Guyness, however, was plagued by injuries and a lack of production at USC and played in only two games for the Trojans. Hartley was grabbed by Oregon, where he had 160 receptions, 2,744 receiving yards and 21 touchdown catches as one of the top receivers in the Pac-10.
“Oregon is a school that rarely is ranked higher than fourth in the conference in recruiting but always does well with the talent it gets,” Rivals’ West Coast analyst Rick Kimbrel said.
“Everyone got that one wrong. I thought Stanley Guyness was going to be all-world, but he just didn’t have it. But every college in America picked Stanley over Tony. Biggins said.”
USC scored big last year with a recruit who didn’t even register on Rivals’ list of its top 100 prospects and was the service’s No. 23 wide receiver in the nation.
“Mike Williams is a prime example of a guy who nobody thought would do what he did,” Trojans coach Pete Carroll said.
Actually, the big three schools near Williams’ home, Florida, Florida State and Miami wanted him to either red-shirt last season or switch to defense, but he signed with USC and shattered Pac-10 and national receiving records.
Carroll picked up his share of commitments from top- ranked recruits this year, but he said his staff focused more on what players could do for the Trojans than the national attention they received.
“We thought long and hard to try to create a system of evaluation that brings us to that point where we just don’t take the guys that are on the All-America lists or whatever,” Carroll said. “We don’t want to do that. We use those things to let us know who’s out there and who’s attractive, but then we look at it on a case-by-case basis and figure out who’s right for us. But it’s not an exact science.”
UCLA made regular appearances on recruiting services’ top-10 lists for the wealth of talent the Bruins signed each year. But new UCLA coach Karl Dorrell tried to change the Bruins’ approach to finding talent this year. Big names are fine but not necessary.

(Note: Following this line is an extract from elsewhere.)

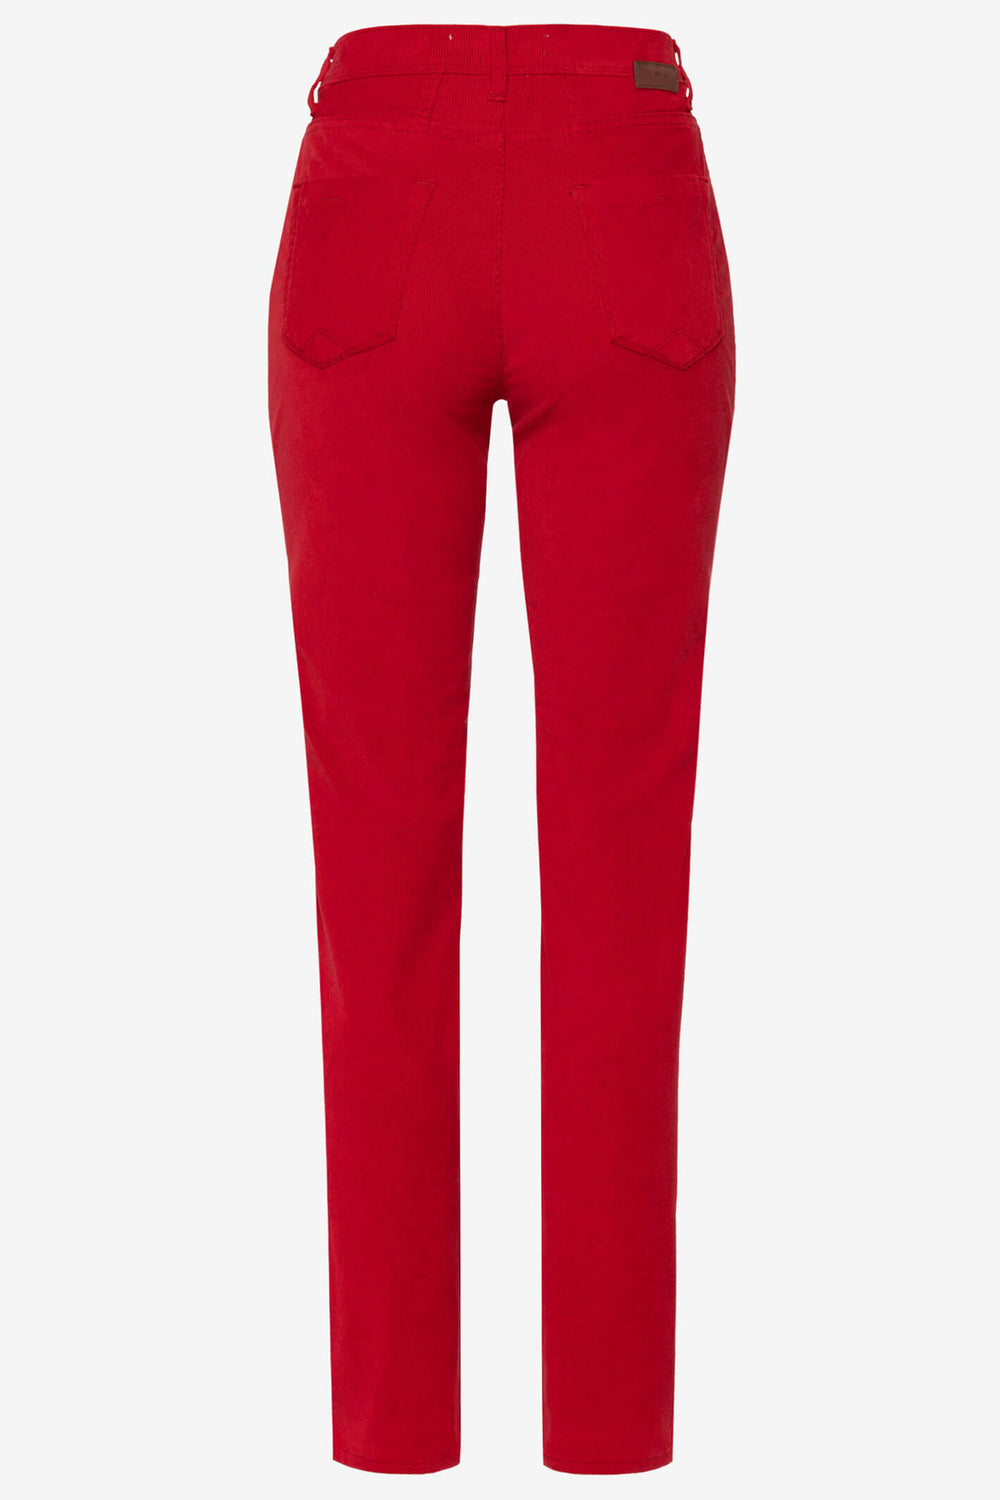 Brax Mary 73-1838 09115720 43 Cherry Red Five Pocket Cord Jeans - Shirley Allum Boutique

“We’re going to recruit guys we think are high profile and who can help our program,” Dorrell said. “That might be a guy with a lot of accolades on everyone’s list, or it might be a guy nobody knows. We’ll try to have a mixture of highly recruited players and surprise players.”
After all, a player who is perfect for UCLA might not fit at USC, if only because of different needs and styles of play.
“One guy’s gem is going to be another guy’s bum,” Rivals’ Crabtree said. “One coach is going to get another guy on campus and think he’s a steal because of what he gets from him. That same guy might never have made it somewhere else.”
Obviously, luck is a factor in recruiting success, especially when it comes to avoiding injuries. But thorough evaluation that goes well beyond what recruiting magazines and Web sites is every bit as essential.
“Our approach is that the evaluation never stops,” Carroll said. “We know we might be wrong occasionally, but we don’t think it will happen often. We know we’re going to be successful if we can eliminate as much of the guessing as possible.”